DATA BLOCK »

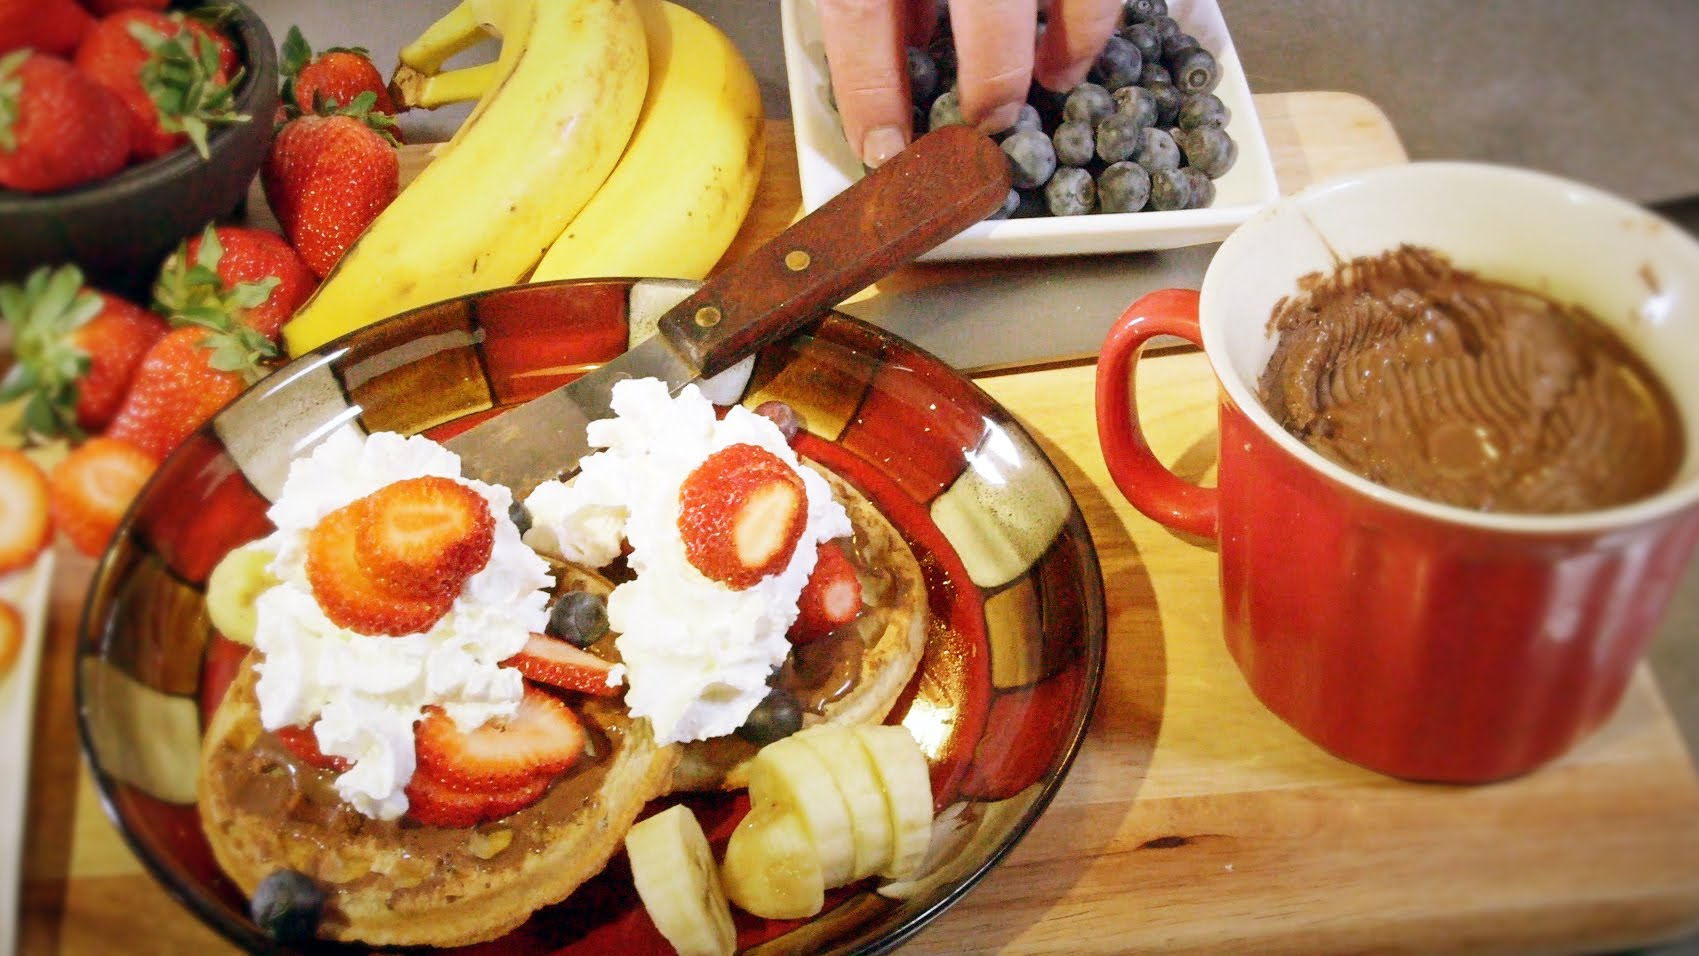 Sunrise Jack Cannabis Infused (Nutella) Chocolate Hazelnut Espresso Spread: Infused Eats #27
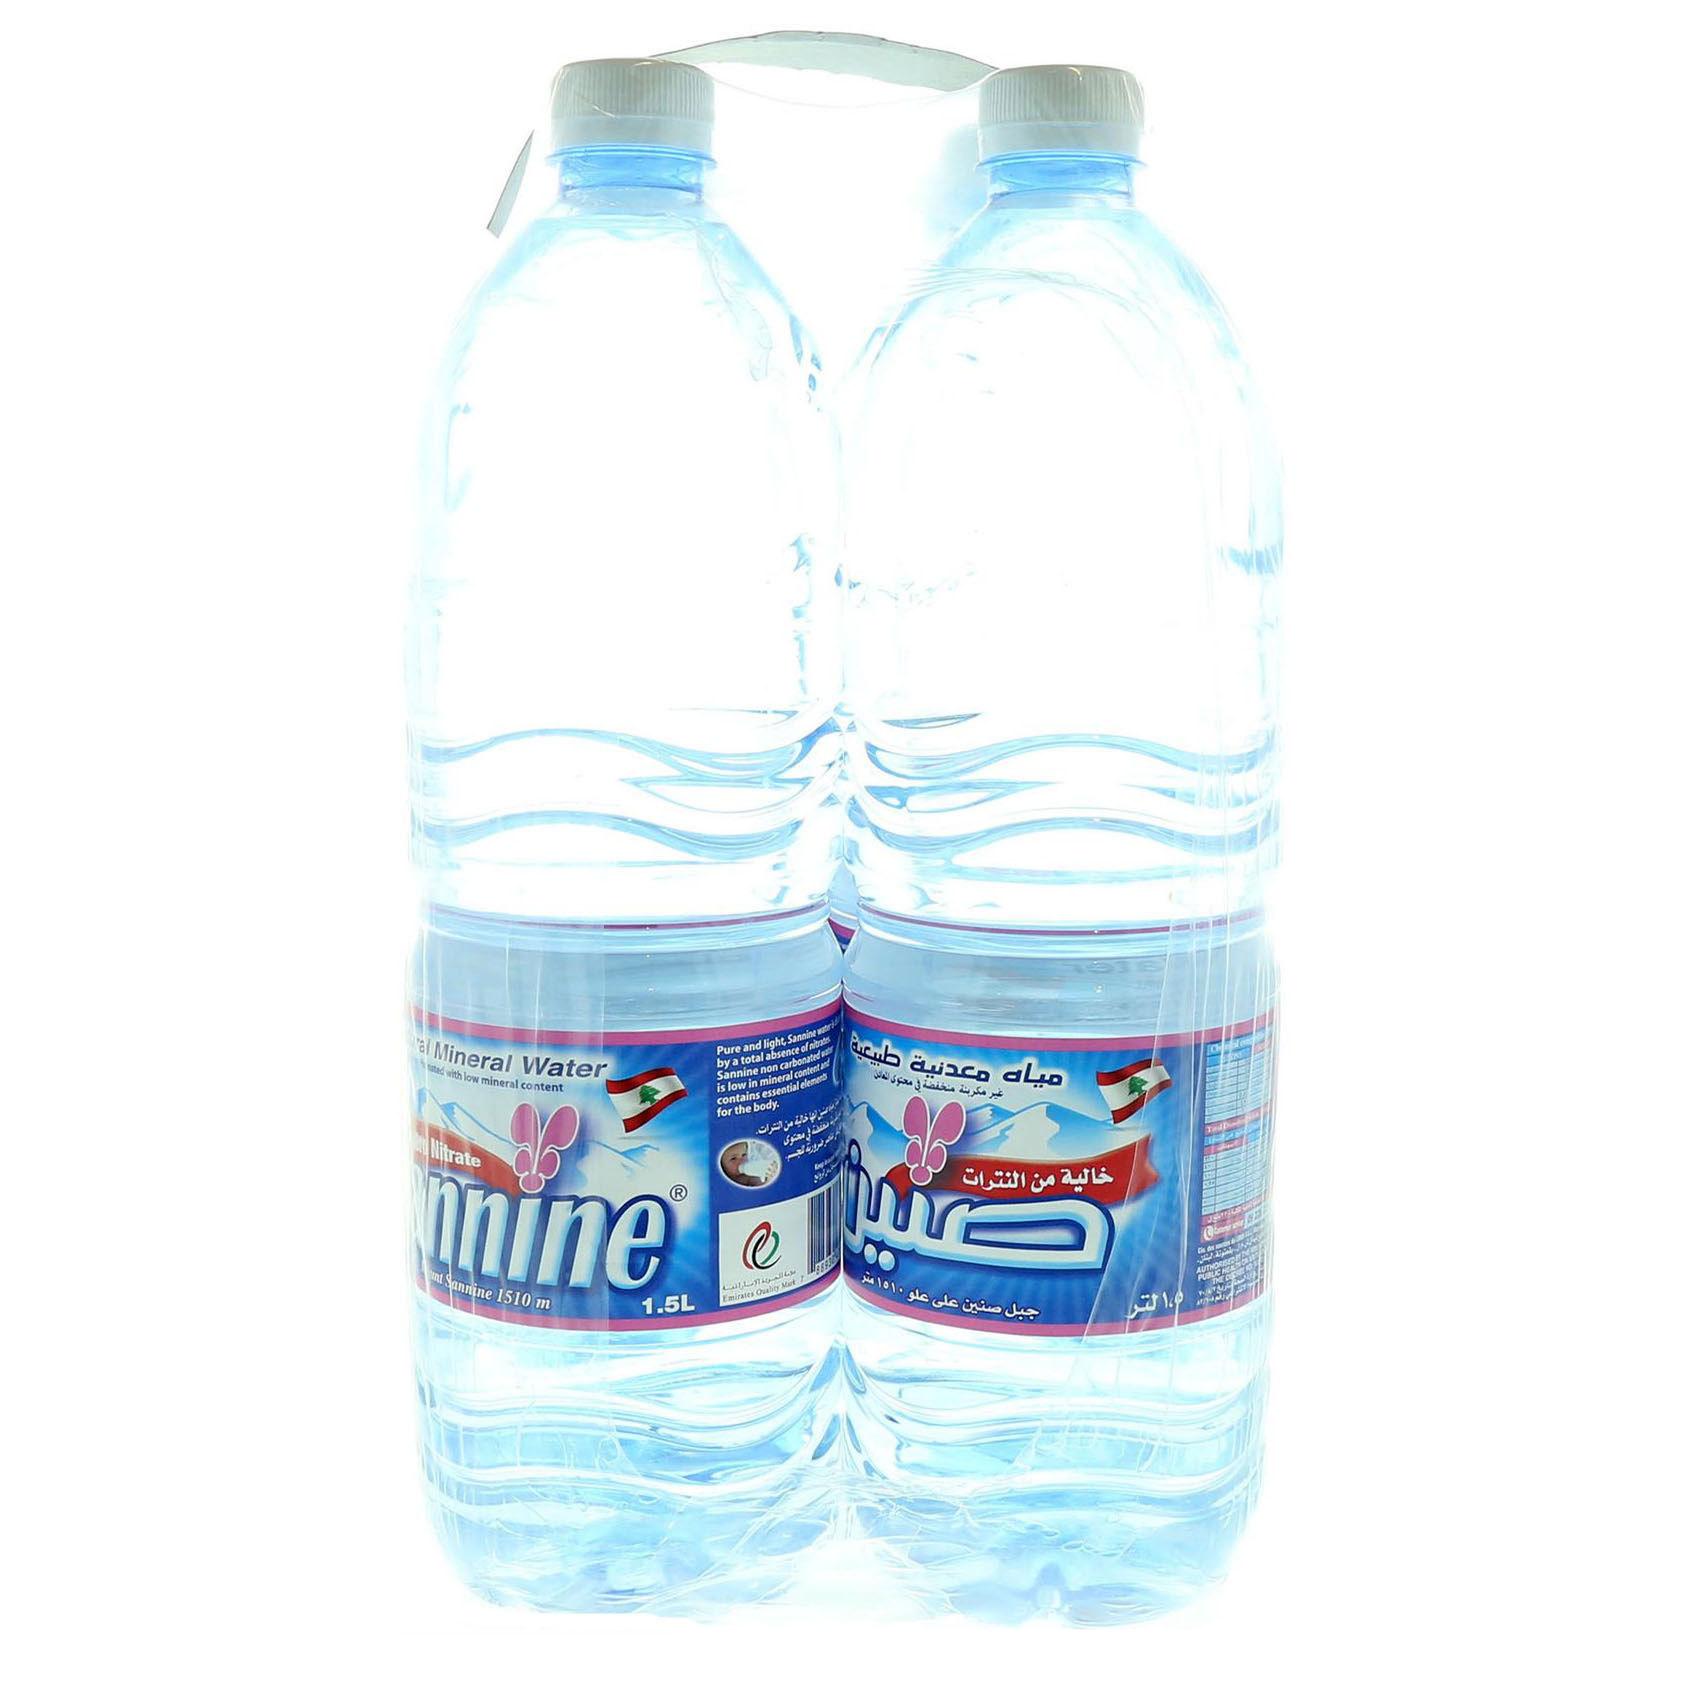 SANNINE MINERAL WATER 1.5LX6
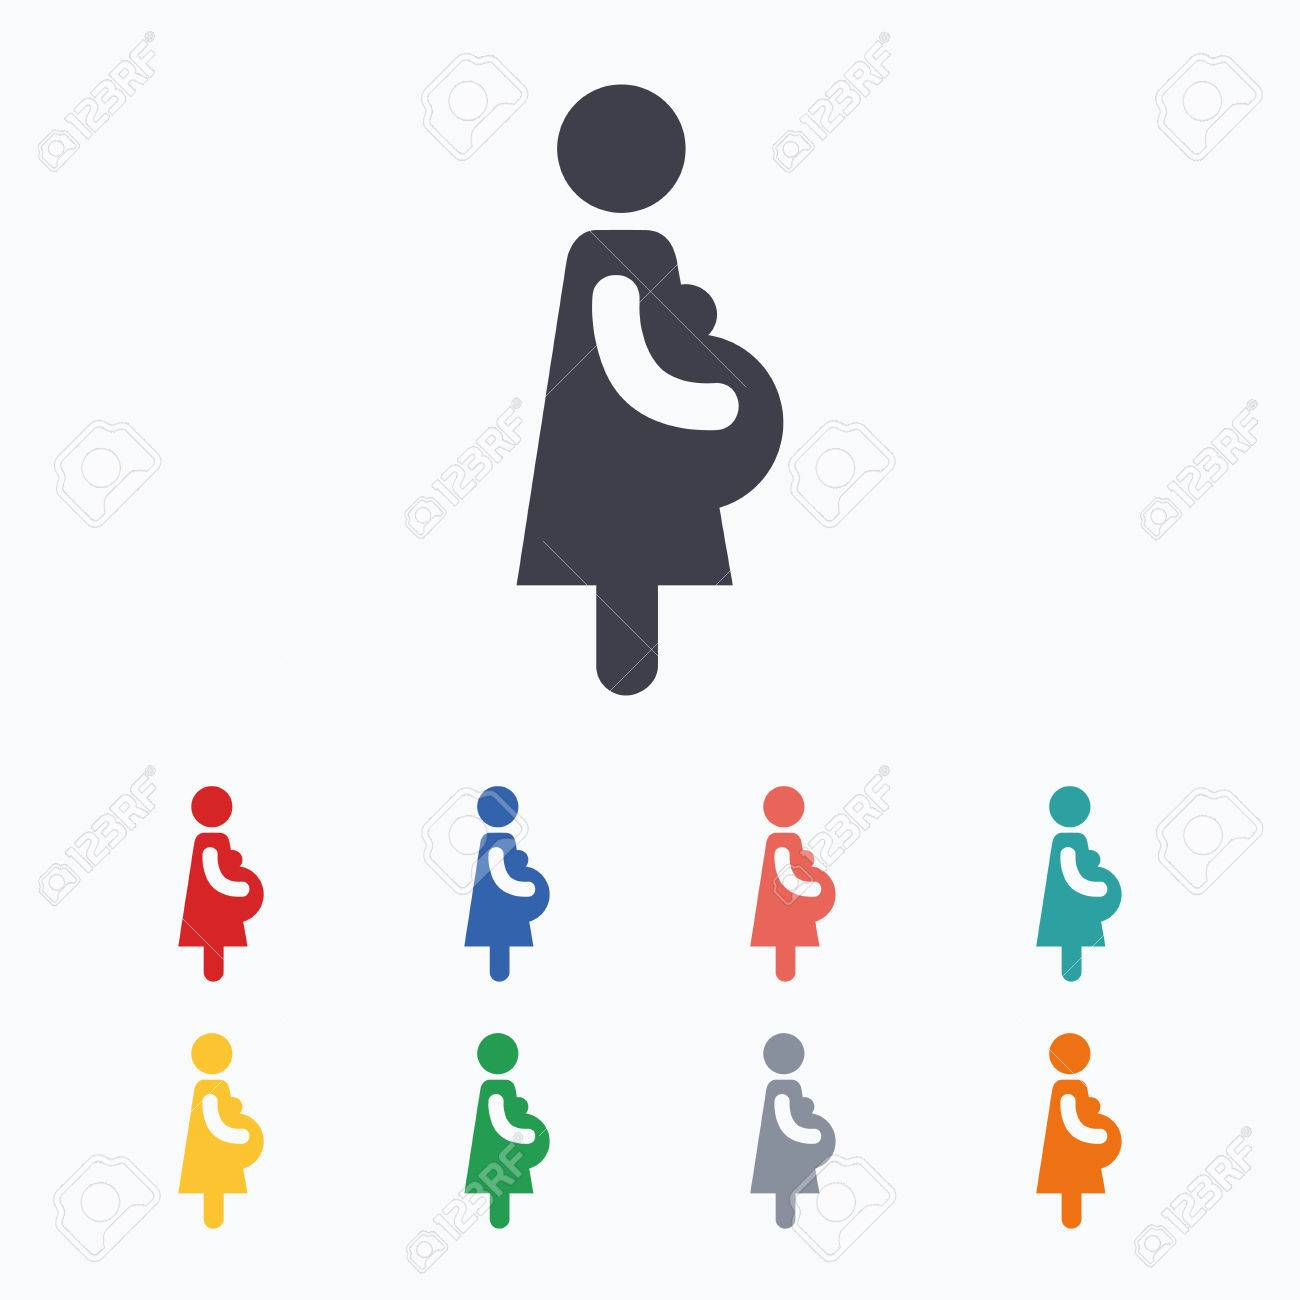 Enceinte signe icône. Femmes symbole de la grossesse. icônes plates de  couleur sur fond blanc.

INSTRUCTIONS TO FOLLOW »
Type the listing out again word for word, passing over each picture.

SOLUTION »
 Sunrise Jack Cannabis Infused (Nutella) Chocolate Hazelnut Espresso Spread: Infused Eats #27
 SANNINE MINERAL WATER 1.5LX6
 Enceinte signe icône. Femmes symbole de la grossesse. icônes plates de  couleur sur fond blanc.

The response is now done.